* Exercise aim *
Each line below is to be repeated exactly; any picture is to be left out.

* Data *
+++

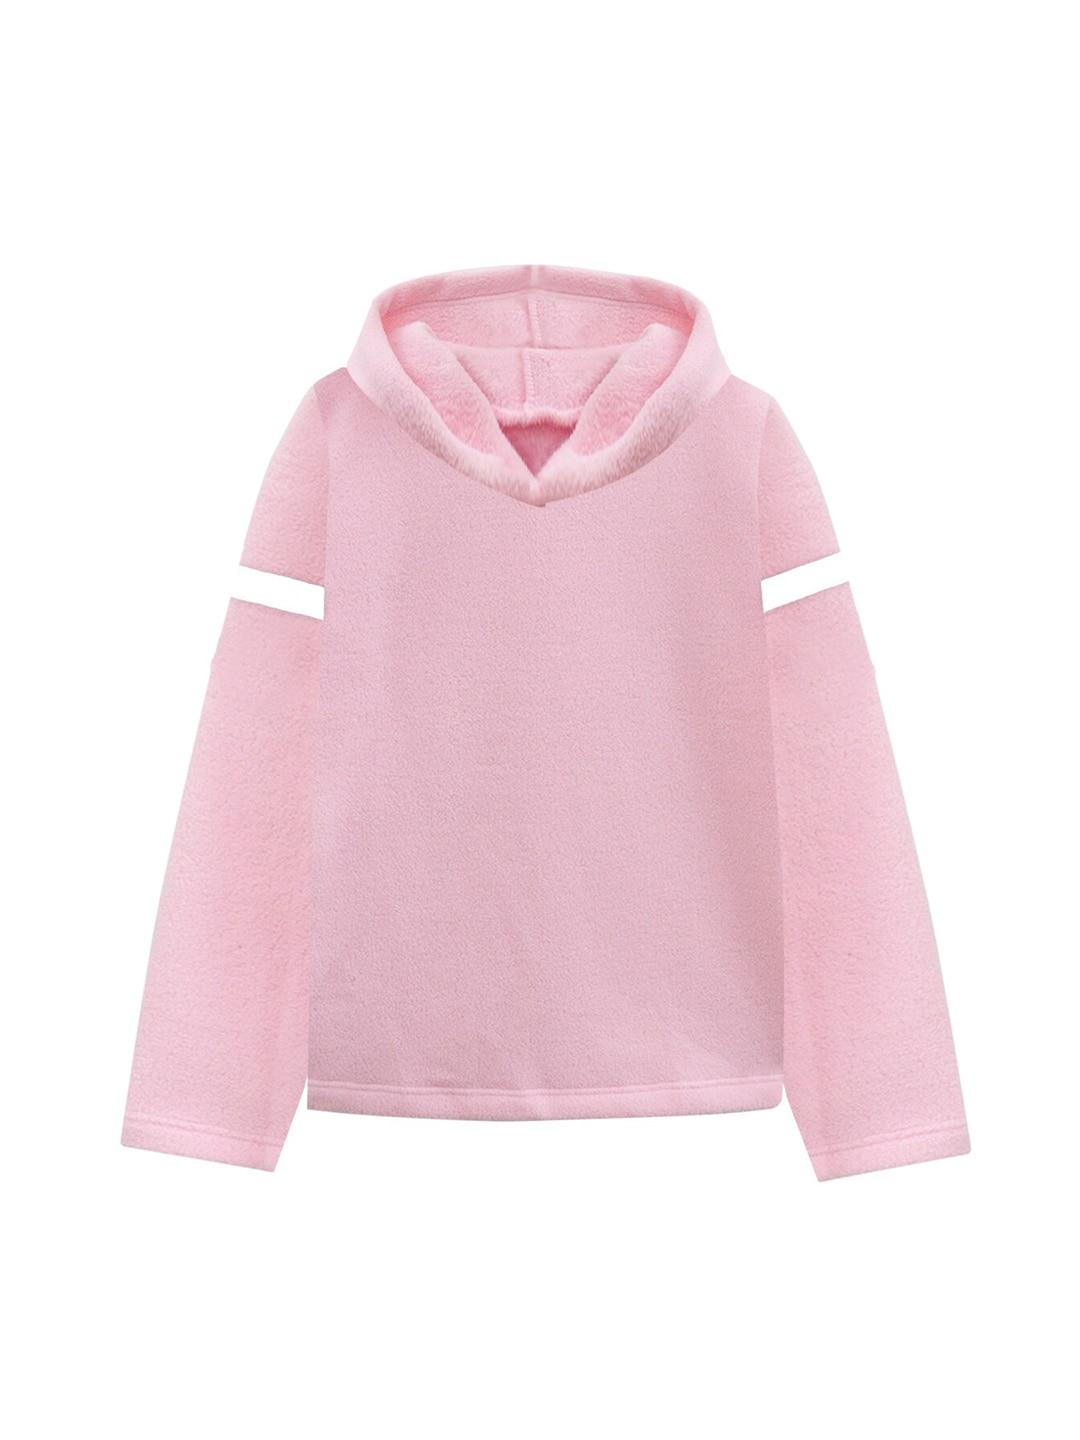 a t u n women pink hooded fleece sweatshirt
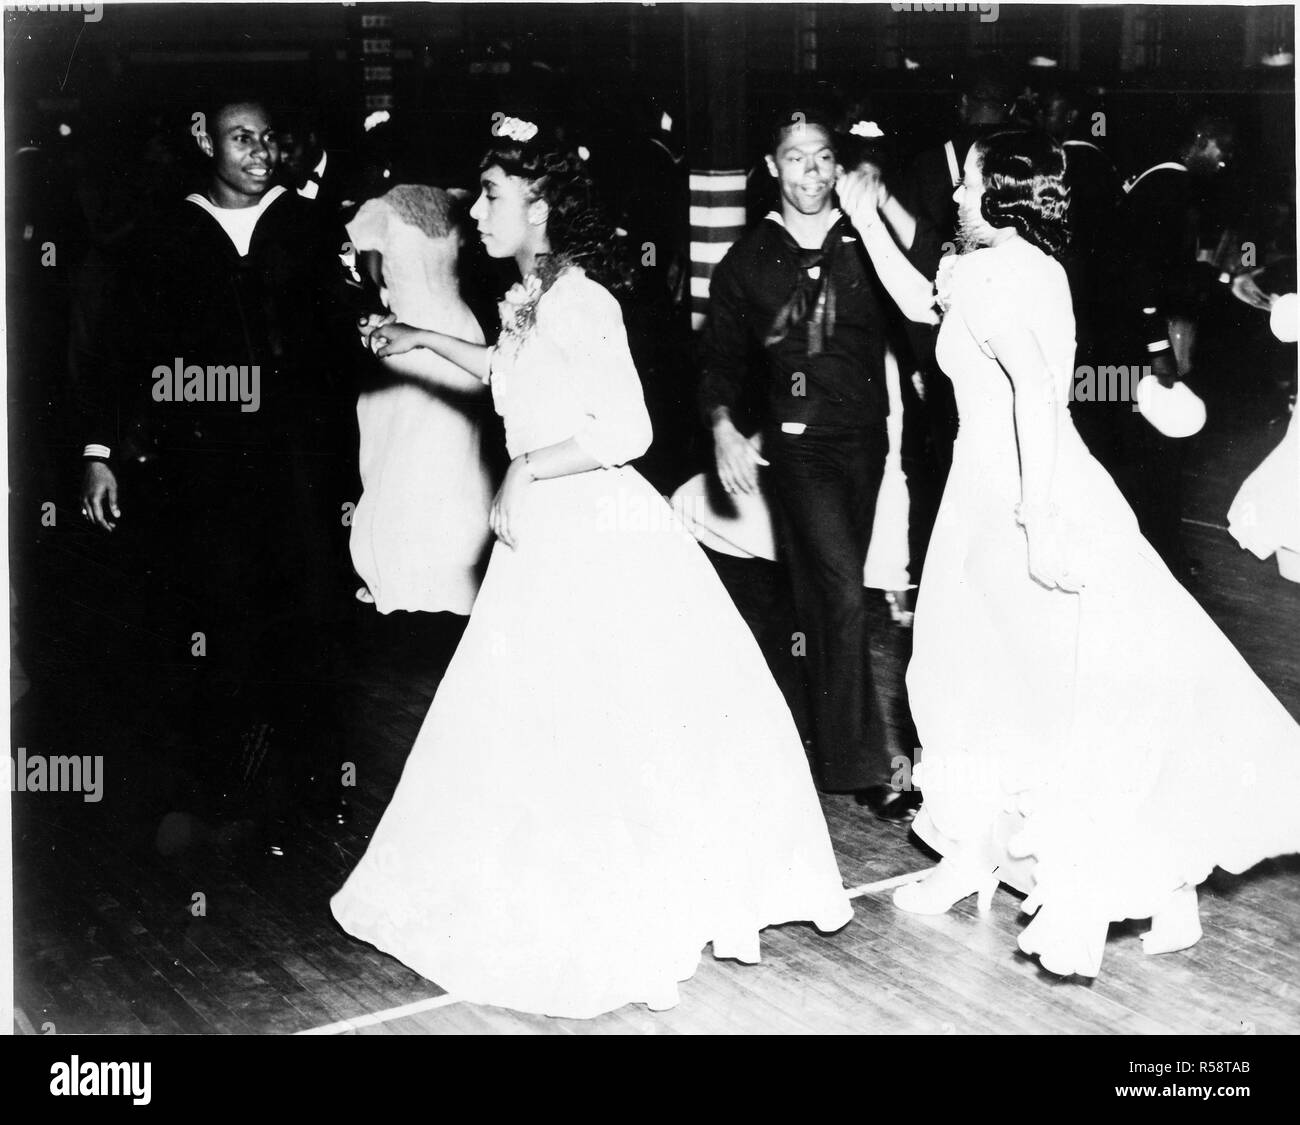 6/30/1943 - Originale Bildunterschrift: 30. Juni 1943 - Tanz an der Grenze Ausgangspunkt für Negro Personal. (Portland, Me) 40 Mädchen aus Boston. Negro Band aus Squantum Naval Station oder Quonset. Stockfoto
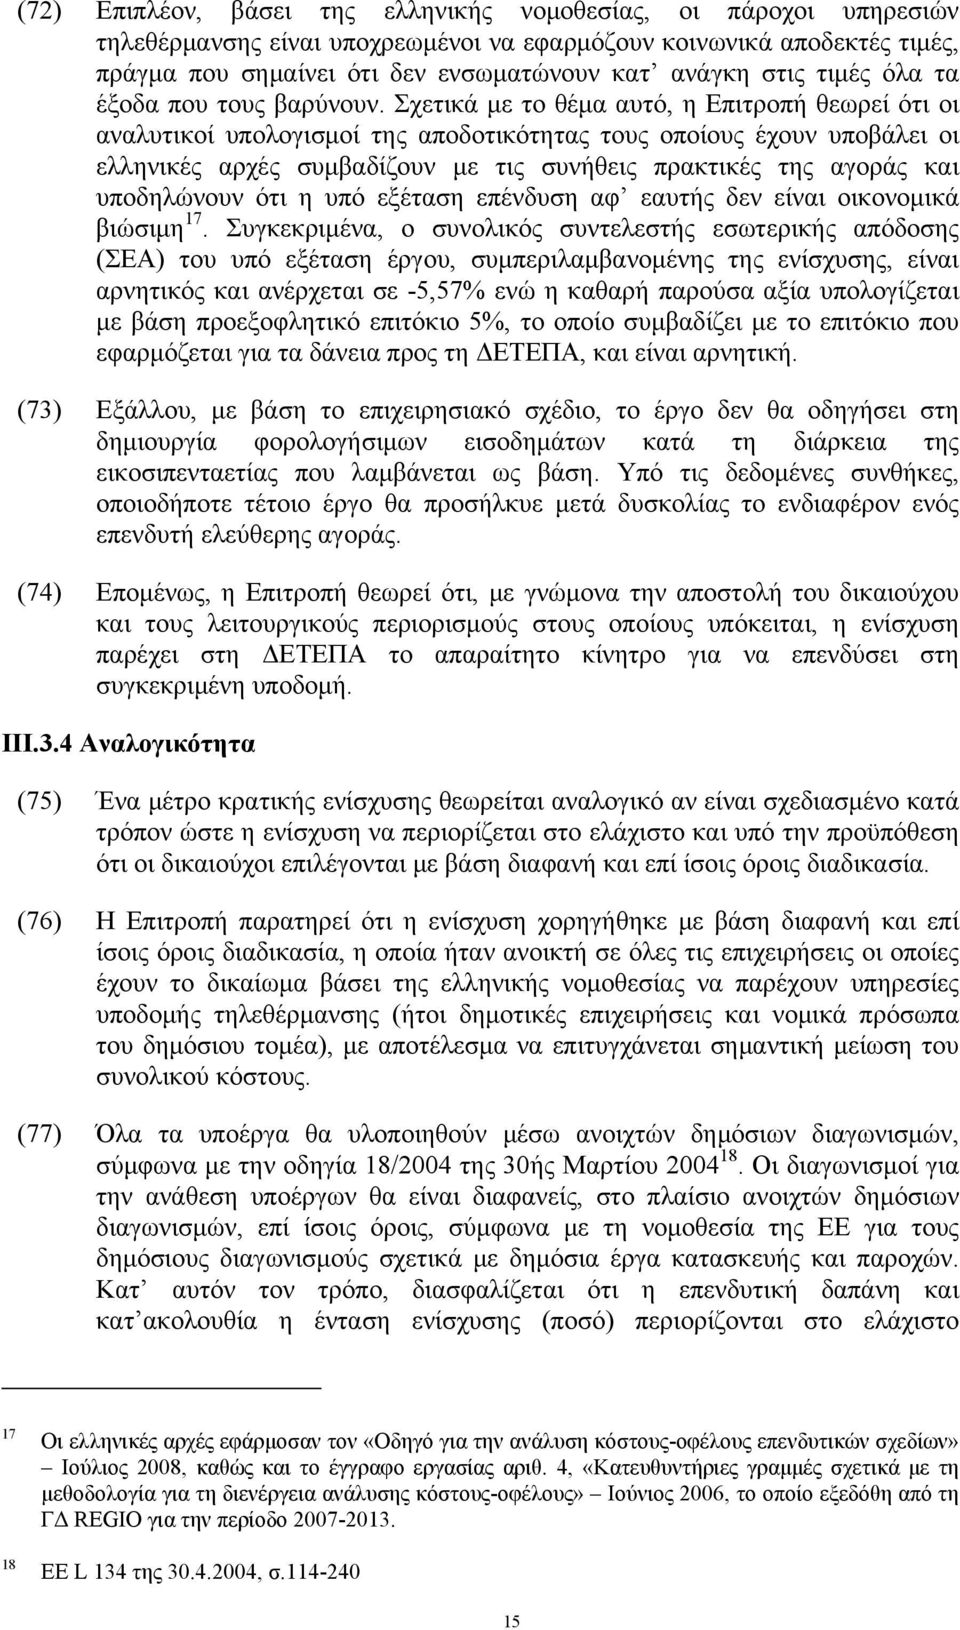 Σχετικά με το θέμα αυτό, η Επιτροπή θεωρεί ότι οι αναλυτικοί υπολογισμοί της αποδοτικότητας τους οποίους έχουν υποβάλει οι ελληνικές αρχές συμβαδίζουν με τις συνήθεις πρακτικές της αγοράς και
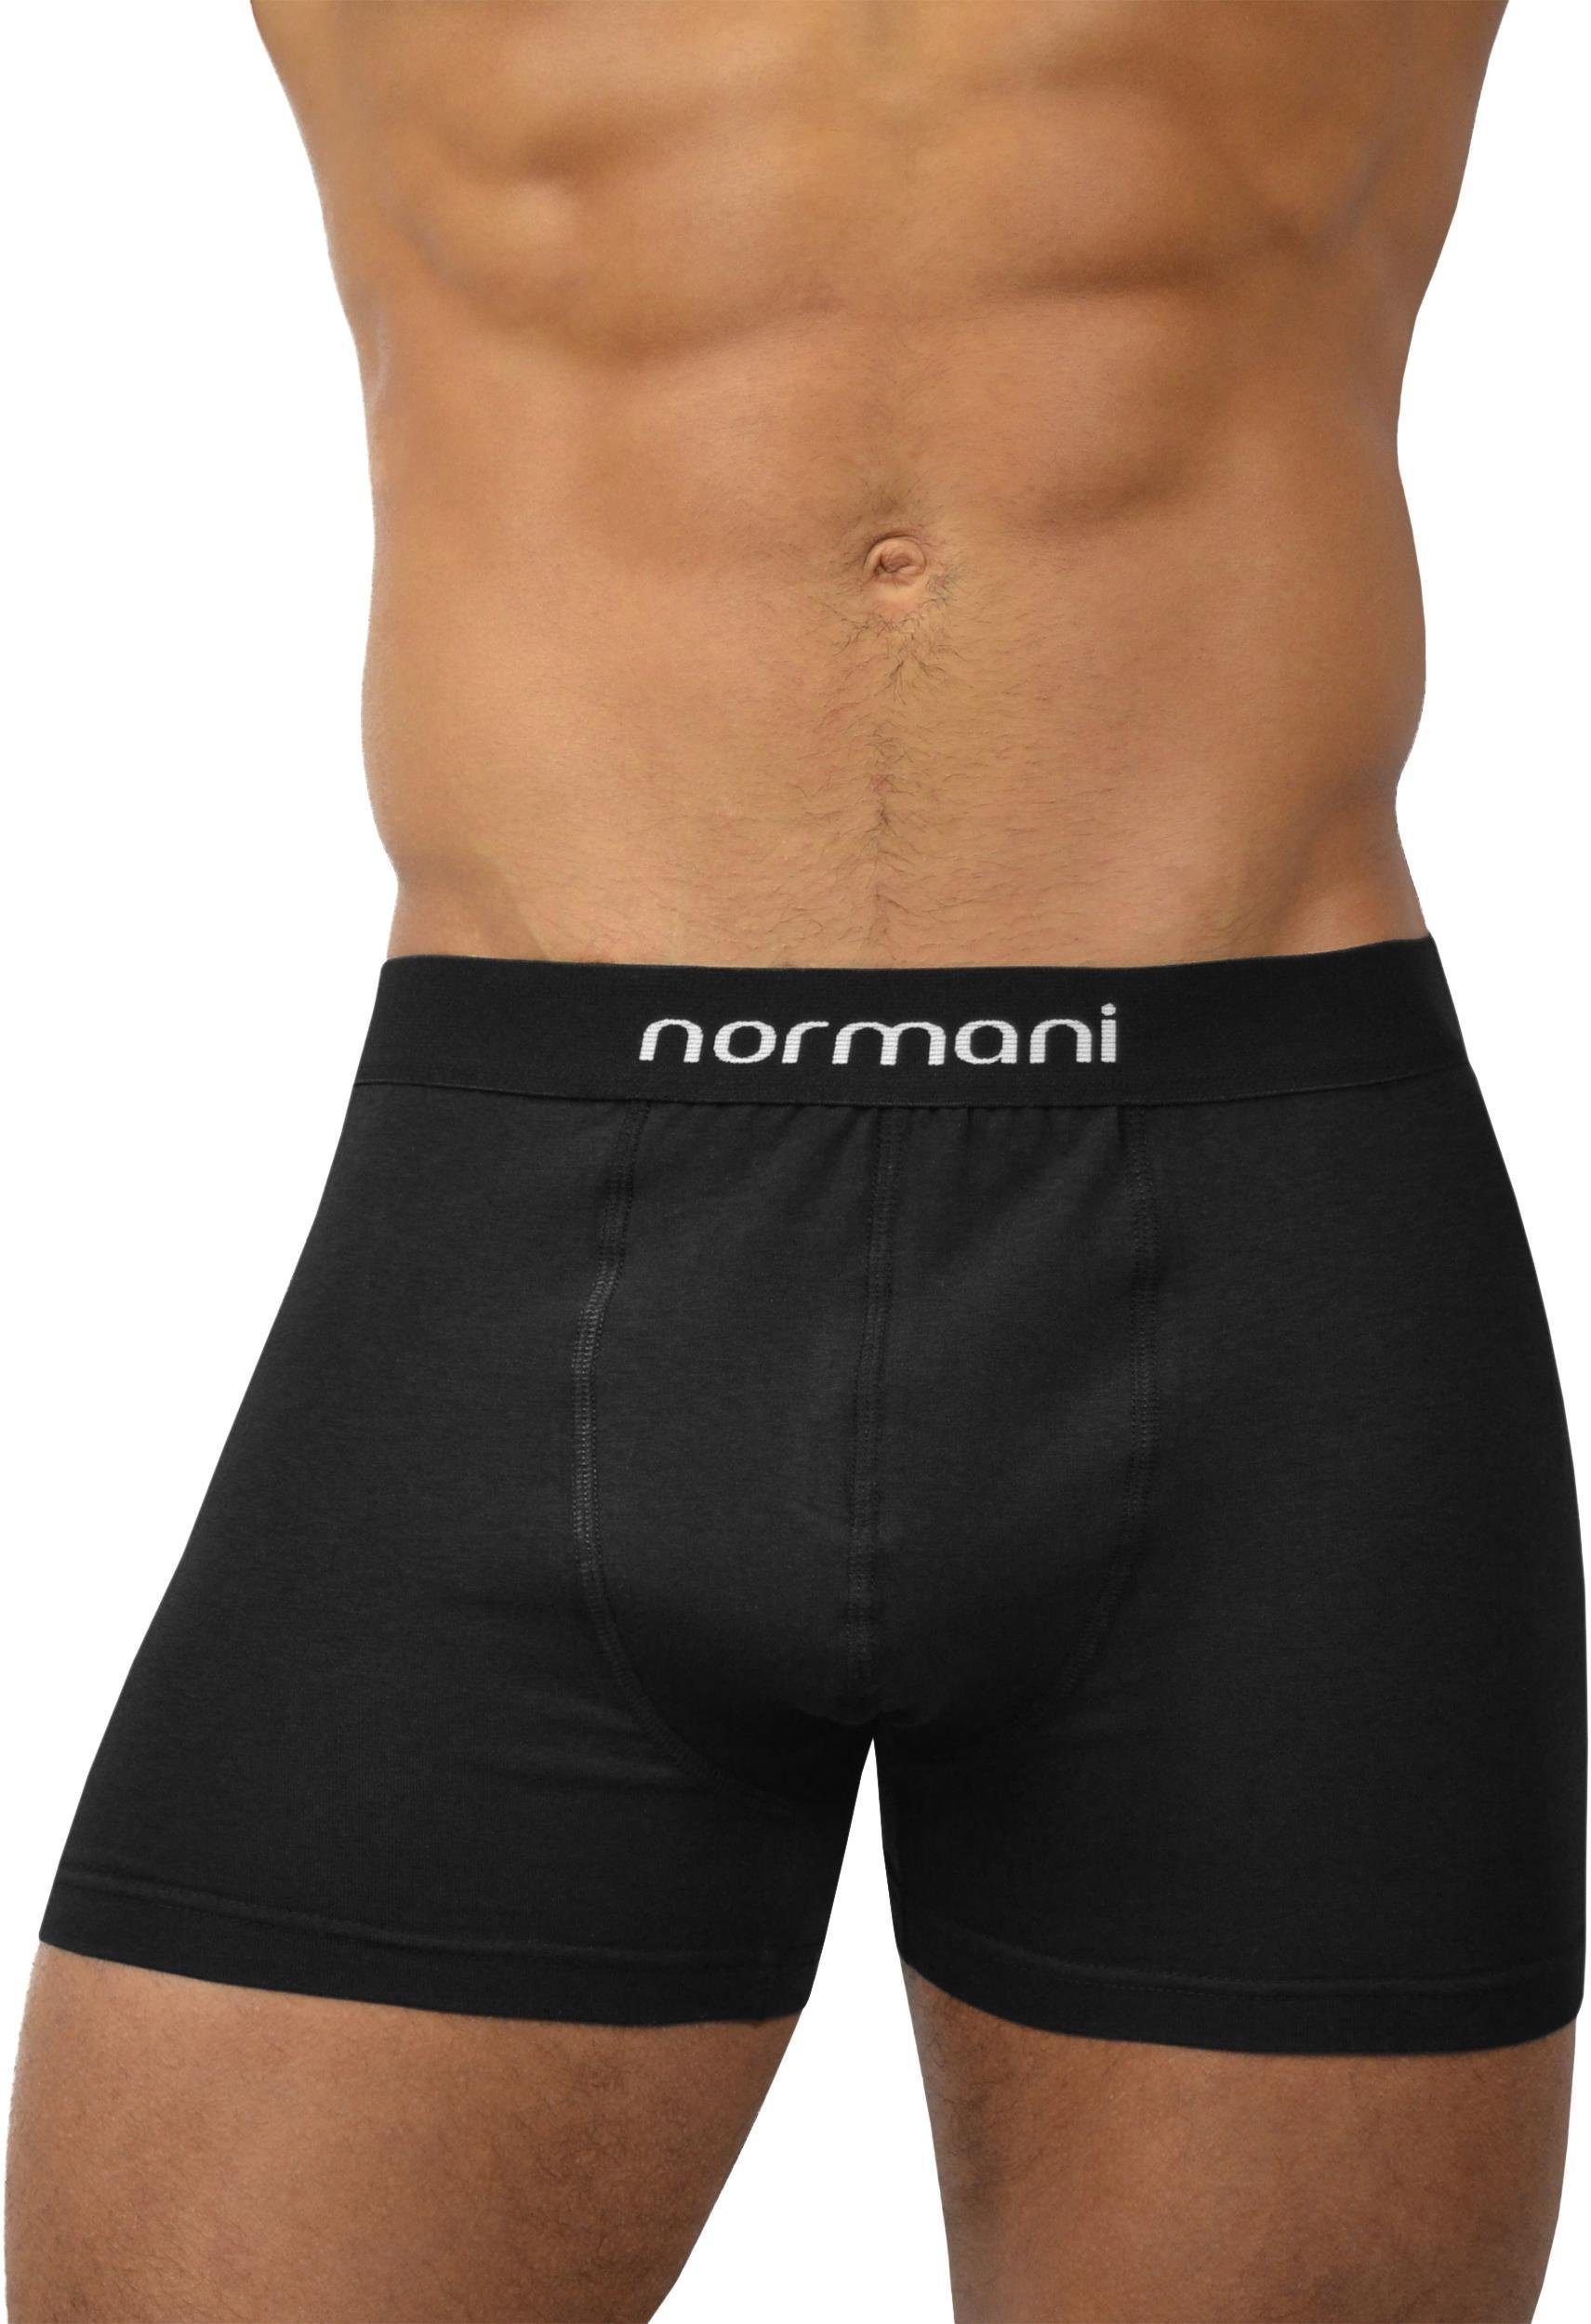 Black aus Retro aus Retro Unterhose Baumwolle atmungsaktiver 6 Baumwolle Stück Basic normani Boxer Boxershorts

+++

* Answer space *
 a t u n women pink hooded fleece sweatshirt
 6/30/1943 - Originale Bildunterschrift: 30. Juni 1943 - Tanz an der Grenze Ausgangspunkt für Negro Personal. (Portland, Me) 40 Mädchen aus Boston. Negro Band aus Squantum Naval Station oder Quonset. Stockfoto
 Σχετικά με το θέμα αυτό, η Επιτροπή θεωρεί ότι οι αναλυτικοί υπολογισμοί της αποδοτικότητας τους οποίους έχουν υποβάλει οι ελληνικές αρχές συμβαδίζουν με τις συνήθεις πρακτικές της αγοράς και
 Black aus Retro aus Retro Unterhose Baumwolle atmungsaktiver 6 Baumwolle Stück Basic normani Boxer Boxershorts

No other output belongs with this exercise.